▸ **Exercise goal**
Copy out all lines of the records in which the word "Stock" appears.

▸ **The input**
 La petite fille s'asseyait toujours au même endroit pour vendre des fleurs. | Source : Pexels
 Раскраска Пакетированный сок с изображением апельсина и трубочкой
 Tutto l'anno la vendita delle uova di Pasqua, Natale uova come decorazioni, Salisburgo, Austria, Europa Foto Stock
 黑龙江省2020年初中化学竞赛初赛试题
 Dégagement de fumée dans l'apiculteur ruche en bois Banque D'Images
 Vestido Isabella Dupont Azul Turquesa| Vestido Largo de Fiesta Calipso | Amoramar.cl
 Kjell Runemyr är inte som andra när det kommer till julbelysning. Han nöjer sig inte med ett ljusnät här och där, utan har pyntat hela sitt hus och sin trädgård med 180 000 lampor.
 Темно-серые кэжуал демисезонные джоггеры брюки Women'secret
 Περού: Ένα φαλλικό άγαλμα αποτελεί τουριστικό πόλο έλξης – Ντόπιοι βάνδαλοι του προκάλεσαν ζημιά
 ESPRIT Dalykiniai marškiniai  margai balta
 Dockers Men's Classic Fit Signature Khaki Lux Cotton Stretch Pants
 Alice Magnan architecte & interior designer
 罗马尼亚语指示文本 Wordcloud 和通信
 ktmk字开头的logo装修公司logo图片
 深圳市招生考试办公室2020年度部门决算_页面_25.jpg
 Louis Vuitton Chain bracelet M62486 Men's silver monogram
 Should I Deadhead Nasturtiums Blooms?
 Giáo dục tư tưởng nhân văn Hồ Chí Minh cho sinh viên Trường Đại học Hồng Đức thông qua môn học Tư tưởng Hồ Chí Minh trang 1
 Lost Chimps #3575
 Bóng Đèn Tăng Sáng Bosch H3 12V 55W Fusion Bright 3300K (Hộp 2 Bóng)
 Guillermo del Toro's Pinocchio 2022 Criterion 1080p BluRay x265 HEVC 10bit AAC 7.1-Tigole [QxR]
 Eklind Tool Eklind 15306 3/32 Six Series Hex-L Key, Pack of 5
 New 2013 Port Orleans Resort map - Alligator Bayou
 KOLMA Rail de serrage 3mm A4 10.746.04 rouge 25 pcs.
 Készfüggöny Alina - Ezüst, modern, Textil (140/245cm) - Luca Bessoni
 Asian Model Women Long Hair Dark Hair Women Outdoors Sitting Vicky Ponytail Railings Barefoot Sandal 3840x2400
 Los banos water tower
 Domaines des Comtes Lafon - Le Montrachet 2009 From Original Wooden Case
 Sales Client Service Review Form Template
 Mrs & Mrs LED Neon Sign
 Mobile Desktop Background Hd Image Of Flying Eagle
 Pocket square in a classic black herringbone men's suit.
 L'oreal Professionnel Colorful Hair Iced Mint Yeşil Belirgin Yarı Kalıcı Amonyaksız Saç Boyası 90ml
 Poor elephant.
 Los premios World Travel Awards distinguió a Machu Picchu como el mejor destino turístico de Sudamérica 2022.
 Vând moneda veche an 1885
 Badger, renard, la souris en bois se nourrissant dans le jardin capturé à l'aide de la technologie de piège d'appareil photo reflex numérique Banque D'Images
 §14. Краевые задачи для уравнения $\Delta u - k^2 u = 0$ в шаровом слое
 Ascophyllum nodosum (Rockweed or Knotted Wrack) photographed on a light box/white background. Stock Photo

▸ **Answer section**
 Tutto l'anno la vendita delle uova di Pasqua, Natale uova come decorazioni, Salisburgo, Austria, Europa Foto Stock
 Ascophyllum nodosum (Rockweed or Knotted Wrack) photographed on a light box/white background. Stock Photo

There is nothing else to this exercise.